Some of these challenges can be overcome through the development of consistent policies for expanded access. As of yet, companies have not been transparent about the conditions under which they will agree to provide expanded access. The recently adopted 21st Century Cures Act in the US requires that companies develop policies for expanded access and make these policies publicly known on their websites [10]. Other countries should follow suit, for it is important that patients and physicians know what to expect from expanded access. There is no consensus yet, however, on what adequate policies for expanded access look like, or which criteria should be used to determine whether or not patients are eligible for expanded access. The responsibility to devise the contours of such policies should not be shifted onto pharmaceutical companies, but taken on by a variety of stakeholders, including physicians, patients, policy-makers and payers. Together, they must address the fundamental question whether or not there is a place for expanded access in their healthcare systems, and if yes, how this place should be set up to allow for the responsible use of investigational drugs in patients who have run out of standard treatment options and cannot participate in clinical trials.
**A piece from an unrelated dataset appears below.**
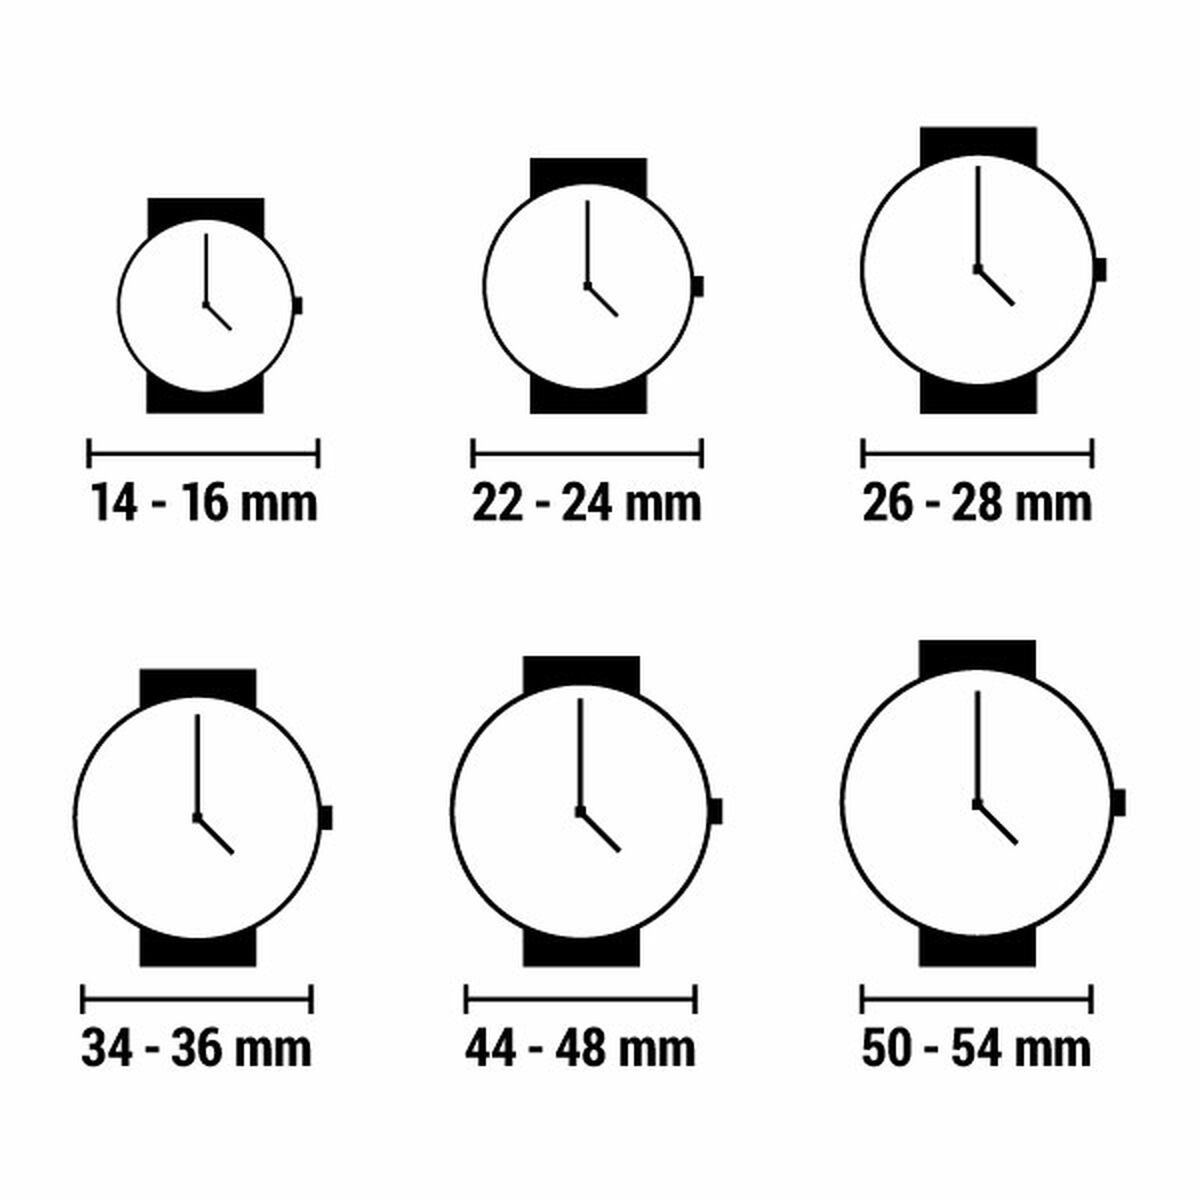 Men's Watch Pulsar PT3859X1 (Ø 43 mm), Pulsar, Watches, Men, mens-watch-pulsar-pt3859x1-o-43-mm, Brand_Pulsar, category-reference-2570, category-reference-2635, category-reference-2994, category-reference-2996, category-reference-t-19667, category-reference-t-19724, Condition_NEW, fashion, original gifts, Price_50 - 100, RiotNook

Efforts to facilitate expanded access will only give patients ‘false hope’ as long as current practical barriers and ethical issues are not tackled. These include knowledge gaps, financial constraints, regulatory processes, health disparities, and threats to clinical drug development. Over the next few years, patients, physicians, policy-makers and pharmaceutical companies must work together to develop policies and systems to ensure equitable, safe and well-informed expanded access for patients with unmet medical needs.